4. The composition according to claim 1, wherein component B is a compound represented by any of the following general formulas (B11), (B41), or (B51). 【Transformation 5】 In the above formula, R 201 ~R 204 represents a halogen atom, hydroxyl group, cyano group, nitro group, nitroso group, or carboxyl group, and n1 to n4 are integers from 0 to 5, X 2 Y represents a monovalent substituent, such as an alkyl group, cycloalkyl group, alkoxy group, alkoxycarbonyl group, cyano group, or formyl group. 2 and Y 3 X represents a hydrogen atom, or a monovalent substituent such as an alkyl group, cycloalkyl group, alkoxy group, alkoxycarbonyl group, cyano group, or formyl group. 2 , Y 2 or Y 3 None of the monovalent substituents that can be taken as X2 are aryl groups or heteroaryl groups. Furthermore, the monovalent substituents that can be taken as X2, and the monovalent substituents that can be taken as Y2 and Y3, are each independently unsubstituted or groups that may have a substituent selected from a halogen atom, a hydroxyl group, a cyano group, a nitro group, a nitroso group, and a carboxyl group.

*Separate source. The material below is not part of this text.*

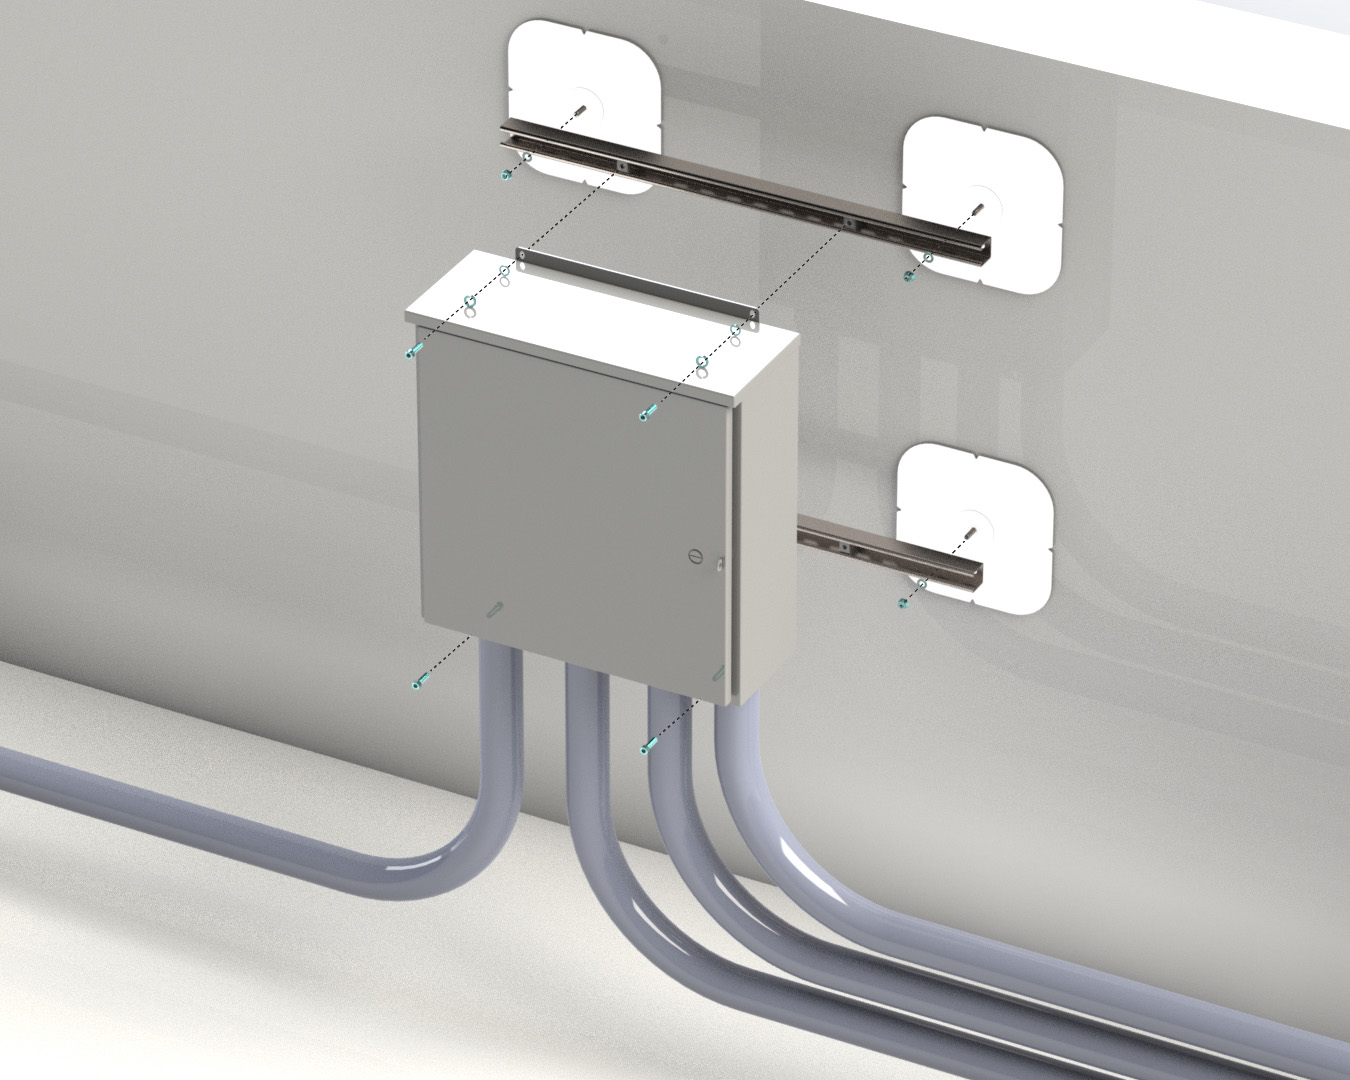 Wall Mounted Box Electrical with conduit Route

5. The composition according to claim 4, wherein component B is a compound represented by the general formula (B11) or (B41). However, the above Y 2 Y2 is a monovalent substituent, which may be an alkyl group, cycloalkyl group, alkoxy group, alkoxycarbonyl group, cyano group, or formyl group. Furthermore, the monovalent substituent that can be taken as Y2 may be unsubstituted or may have a substituent selected from a halogen atom, a hydroxyl group, a cyano group, a nitro group, a nitroso group, and a carboxyl group.
6. A cured or molded article of the composition according to any one of claims 1 to 5.
7. An optical component comprising a cured product or molded body as described in claim 6.
8. A lens comprising a cured product or molded body as described in claim 6.